More wide-ranging than Boys State, the governor race not the only thing going. Conservative girl Emily is the star (has she mentioned she’s conservative?), decisively losing the governor race then quickly putting together an article about the differences in funding, prestige, and programming between Girls and Boys State, and winning a scholarship. Complaints in the air that the boys have triple the budget, participation from elected officials, and more discussion of real issues. Nisha doesn’t get a supreme court seat, so becomes the judge of a lower court that sends a case on forced pre-abortion counseling to the supreme, where Tochi is the DA arguing the state’s opinion while believing the opposite. It’s all super slick and heartwarming – they had so many cameras running. Production company Concordia worked on some of the big T/F titles: Time, Bisbee 17, Bloody Nose. We stayed for the Q&A, with three Missouri-based subjects in attendance. Rae Fitzgerald played too softly for a noisy noontime crowd, even with her rhythm section.
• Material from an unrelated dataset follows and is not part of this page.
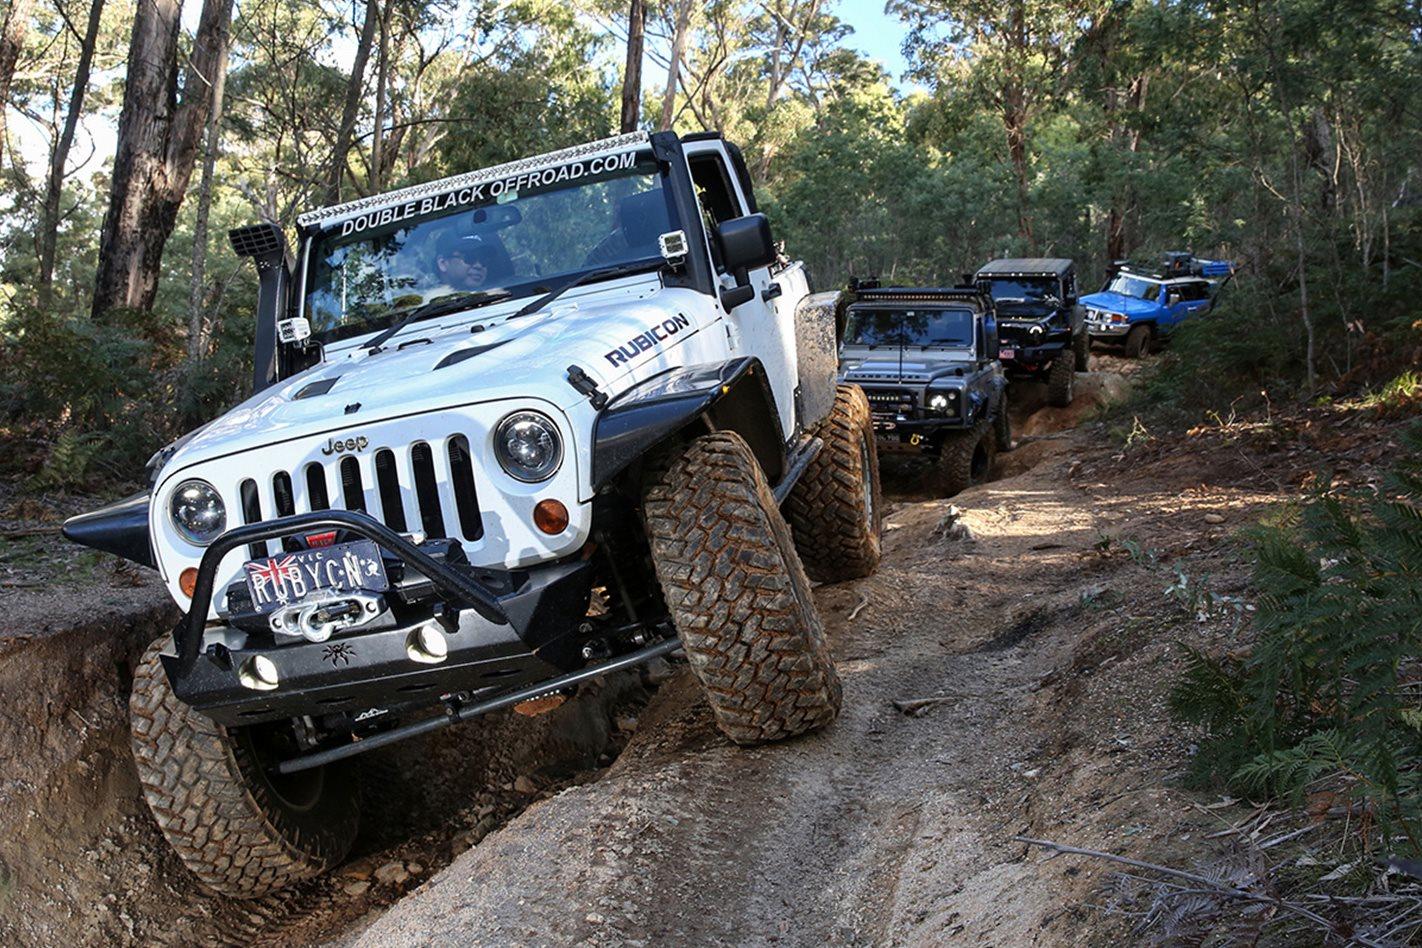 2013-Jeep-Wrangler-Rubicon-Double-Black-offroad-acorn-challenge.jpg
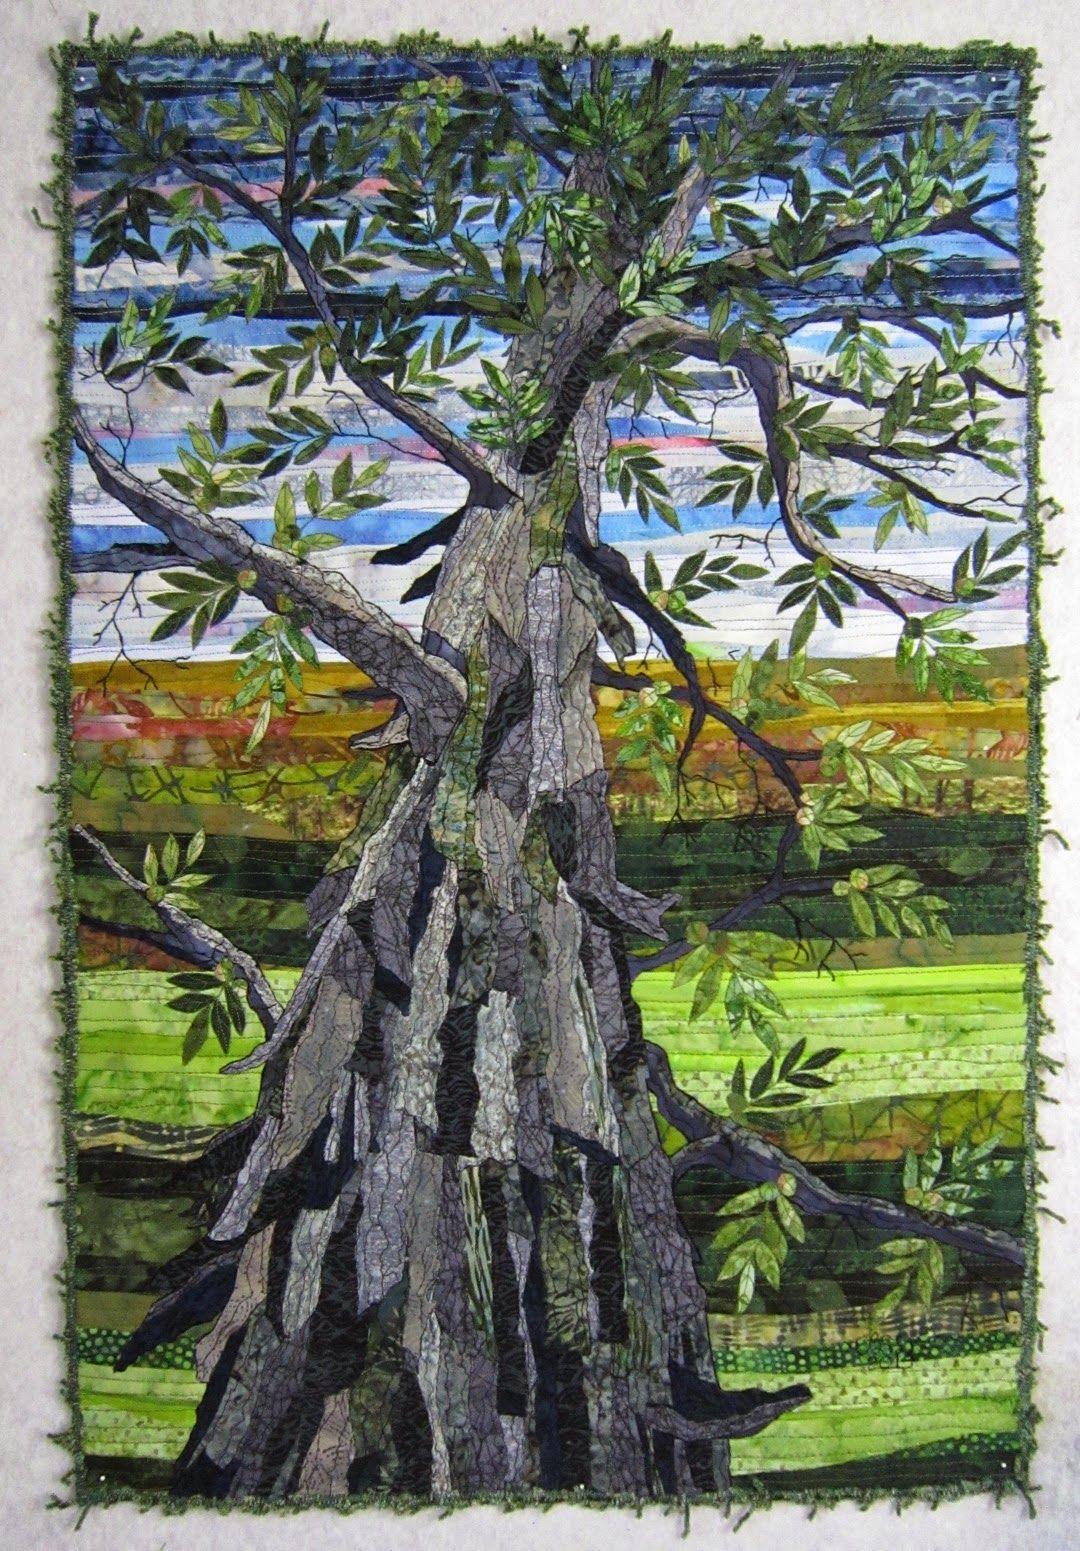 Barbara Strobel Lardon Art quilts: Nature - lots of great quilts ... : great quilts - Adamdwight.com

David Ehrlich in Indiewire:
The closer Girls State gets toward its climactic elections, the more it confronts the same patriarchal bias and performative empowerment that might have girl-bossed the life out of a lesser film (although this one still plays a particular Taylor Swift song over its end credits). And the more it confronts the role those phenomena manage to play on the university campus where the Boys and Girls State programs are being held at the same time for the first time in Missouri history (but still completely separate from one another in order to avoid sins of the flesh and whatnot), the more frighteningly it reflects a near-future — or now present — in which political agency is just something young women get to pretend they have if there’s room in the budget for a bit of make-believe.